During the Universal Periodic Review, Pakistan committed to introduce checks to regulate investigations into allegations of blasphemy and apostasy
Enforced disappearances and illegal detentions
In April, Law Minister Farooq Naek announced that the government was collecting details of disappeared persons, and would release information about them. We are concerned at reports that thousands of people have been detained without access to a judicial process. Through our EU partners, we are encouraging the Pakistani authorities to release the names of those who have been detained secretly and to sign, ratify and implement the International Convention for the Protection of all Persons from Enforced Disappearances.
Freedom of the media
In response to restrictions placed during the state of emergency, the Commonwealth Ministerial Action Group required the removal of restrictions on the media as a condition for lifting Pakistan's suspension from the Commonwealth. We also called on the previous government of Pakistan to ensure that all media outlets were free to cover all aspects of the February election process so that voters could make an informed choice. Media freedom in Pakistan is now at a level similar to that before the state of emergency was imposed in November 2007. All private media broadcasters are back on air. On 11 April, Sherry Rehman, the Federal Minister for Information and Broadcasting, introduced a bill in parliament to repeal all the media restrictions imposed by President Musharraf during the state of emergency. A draft Freedom of Information Act is pending cabinet approval.
We are encouraging human rights reform through our regular dialogue with the government of Pakistan, both bilaterally and through the EU. It is a vital part of our commitment to support the government of Pakistan in building a prosperous and stable society based on parliamentary democracy and the rule of law. We are promoting a framework based on good governance, strong democratic institutions and development and security. This is essential to address the institutional weaknesses that contribute to human rights problems in Pakistan.
Our High Commission in Islamabad is funding and implementing 26 human rights-related projects in addition to funding support through donor organisations. Through the Public Diplomacy Fund, we are supporting projects on women's rights, training and creation of a lawyers' network of human rights advocates and on improving investigative journalism in Pakistan to encourage impartial reporting on political, electoral and human rights issues. Using the Strategic Programme Fund and Conflict Prevention Pool, projects are under way to raise awareness and teaching of human rights issues in schools throughout Pakistan:
- projects that support for Pakistan's Youth Parliament to promote democratic citizenship in conjunction with other programmes to encourage young people to develop understanding and commitment to democracy;
- programmes to promote governance, rule of law and human rights among vulnerable youths to encourage articulation of moderate views and counter extremism;
- projects that support capacity-building for civil society groups; and
- projects to facilitate trust between the Pakistani military and local communities by cultivating human rights awareness within the military.

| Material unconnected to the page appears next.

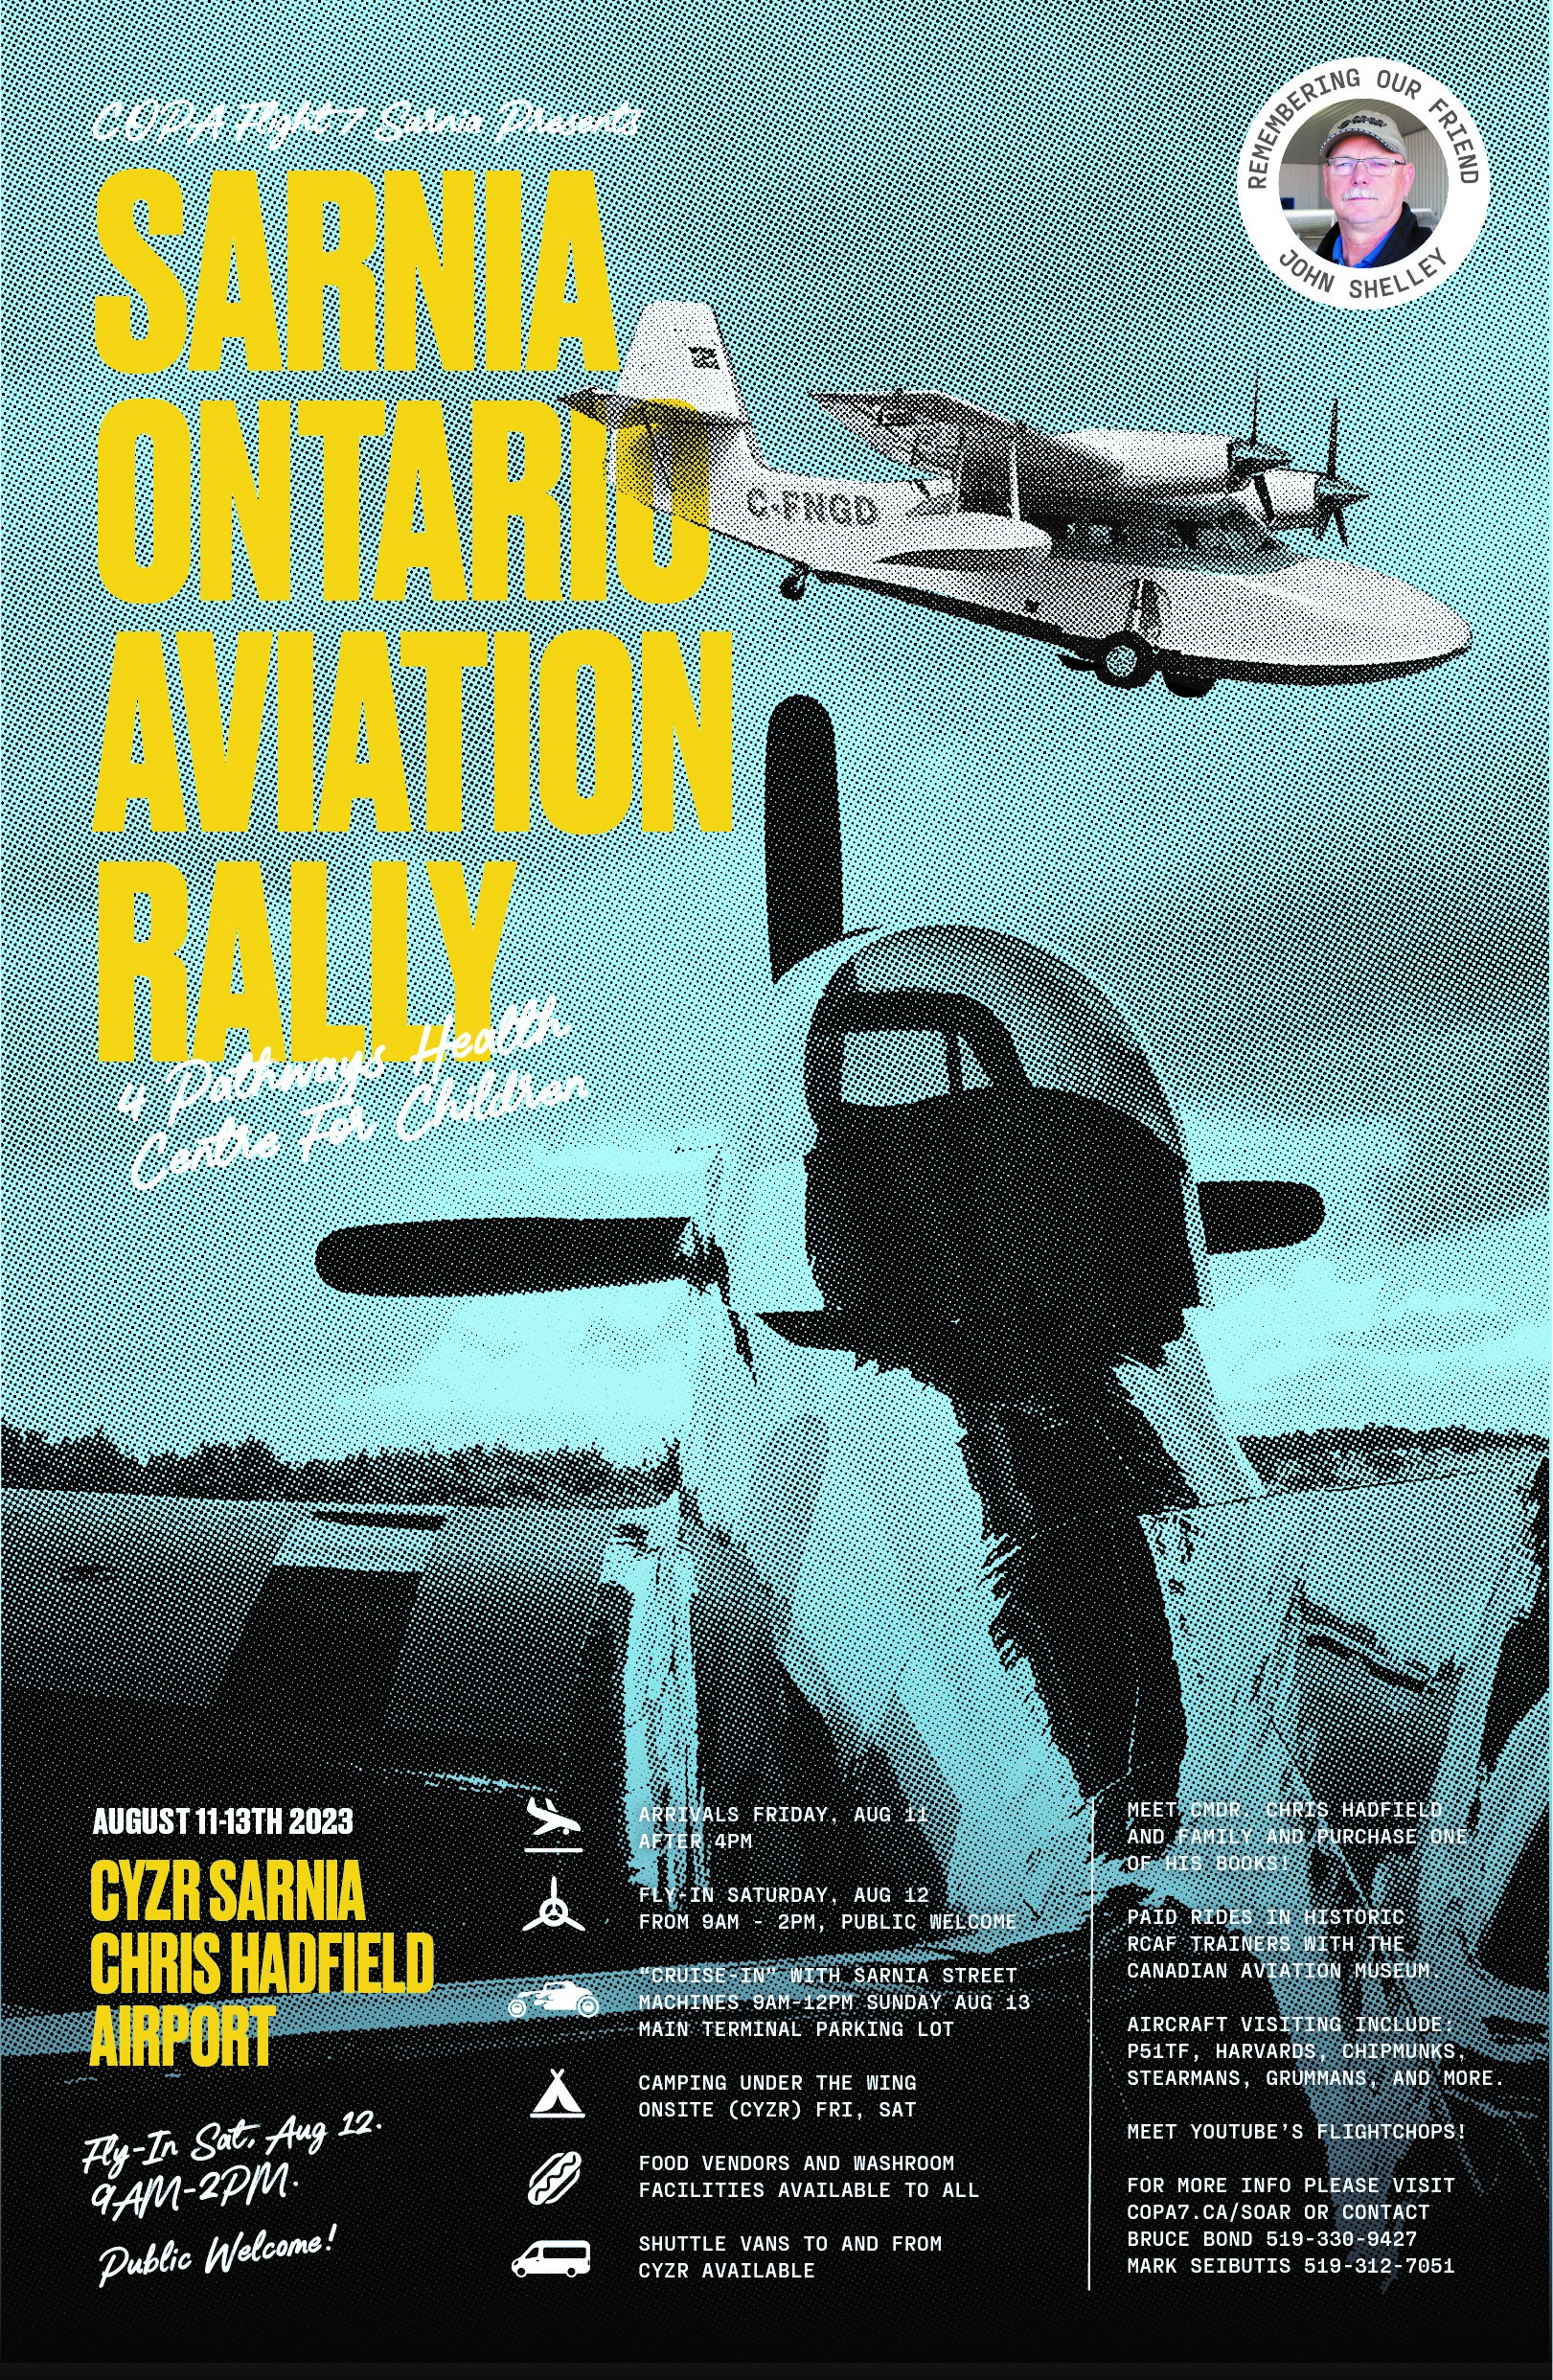 Sarnia Ontario Aviation Rally (S.O.A.R.) For Pathways

The work of DfID in Pakistan is framed by the 2006 UK-Pakistan Development Partnership Arrangement, a 10-year joint vision based on a shared resolve to reduce poverty, address corruption, improve coordination between donors and respect international human rights obligations. DfID also approved that £3.5 million should be spent to support the electoral process in Pakistan, including strengthening the administrative capacity of the Election Commission of Pakistan (ECP) and supporting civil society to increase turnout and educate voters.
The UK is committed to supporting a sustained democratic transition in Pakistan. In 2009, we will build on the progress we have made by working with our EU partners to enhance commitment to Pakistan in a new EU strategy. As well as human rights, the EU is committed to assistance and co operation on economic development, trade, counter terrorism, non-proliferation, migration, education and regional co-operation. We will take forward the recommendations made by the EU EOM by identifying ways to support the strengthening of democratic institutions and create a better framework in which to safeguard human rights. Through political and project engagement we will continue to encourage Pakistan's government to promote and protect human rights and fulfil the obligations it has undertaken by signing and ratifying international human rights treaties.